> _DIRECTIONS_:
I need the lines below from the one with "Les chaises sont" down to the one with "MAGNET (Canadian merchant" reproduced exactly, both ends included, and nothing else.

BEGIN

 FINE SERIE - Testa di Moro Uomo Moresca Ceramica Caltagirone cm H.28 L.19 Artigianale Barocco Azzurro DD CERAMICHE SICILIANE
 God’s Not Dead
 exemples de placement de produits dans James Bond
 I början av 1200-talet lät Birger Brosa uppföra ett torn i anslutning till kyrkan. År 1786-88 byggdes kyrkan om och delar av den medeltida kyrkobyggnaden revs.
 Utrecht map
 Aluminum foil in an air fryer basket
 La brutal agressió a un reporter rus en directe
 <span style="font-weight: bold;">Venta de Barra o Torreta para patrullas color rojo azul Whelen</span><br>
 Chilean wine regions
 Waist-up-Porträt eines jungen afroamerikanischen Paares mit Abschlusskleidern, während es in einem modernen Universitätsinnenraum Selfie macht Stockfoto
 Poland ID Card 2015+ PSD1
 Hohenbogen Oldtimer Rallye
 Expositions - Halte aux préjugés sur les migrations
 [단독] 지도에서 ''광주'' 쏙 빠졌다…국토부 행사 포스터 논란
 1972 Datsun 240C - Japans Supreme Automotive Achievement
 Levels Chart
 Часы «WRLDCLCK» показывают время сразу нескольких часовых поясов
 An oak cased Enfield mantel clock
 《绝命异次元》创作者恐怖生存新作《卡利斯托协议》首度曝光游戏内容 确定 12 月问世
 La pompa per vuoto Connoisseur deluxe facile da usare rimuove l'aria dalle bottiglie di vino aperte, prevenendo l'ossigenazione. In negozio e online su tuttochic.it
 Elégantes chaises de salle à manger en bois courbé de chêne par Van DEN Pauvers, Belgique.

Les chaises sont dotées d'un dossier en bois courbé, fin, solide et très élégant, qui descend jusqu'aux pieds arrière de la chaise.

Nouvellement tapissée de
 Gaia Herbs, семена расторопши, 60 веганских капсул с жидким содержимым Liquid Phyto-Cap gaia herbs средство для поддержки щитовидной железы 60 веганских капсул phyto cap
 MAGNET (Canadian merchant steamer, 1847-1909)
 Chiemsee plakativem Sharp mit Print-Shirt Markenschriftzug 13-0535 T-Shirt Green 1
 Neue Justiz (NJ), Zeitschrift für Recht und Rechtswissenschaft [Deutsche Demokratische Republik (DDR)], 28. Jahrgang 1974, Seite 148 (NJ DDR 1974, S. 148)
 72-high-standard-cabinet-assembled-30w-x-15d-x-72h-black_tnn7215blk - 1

END

> _EXERCISE RESPONSE_:
Les chaises sont dotées d'un dossier en bois courbé, fin, solide et très élégant, qui descend jusqu'aux pieds arrière de la chaise.

Nouvellement tapissée de
 Gaia Herbs, семена расторопши, 60 веганских капсул с жидким содержимым Liquid Phyto-Cap gaia herbs средство для поддержки щитовидной железы 60 веганских капсул phyto cap
 MAGNET (Canadian merchant steamer, 1847-1909)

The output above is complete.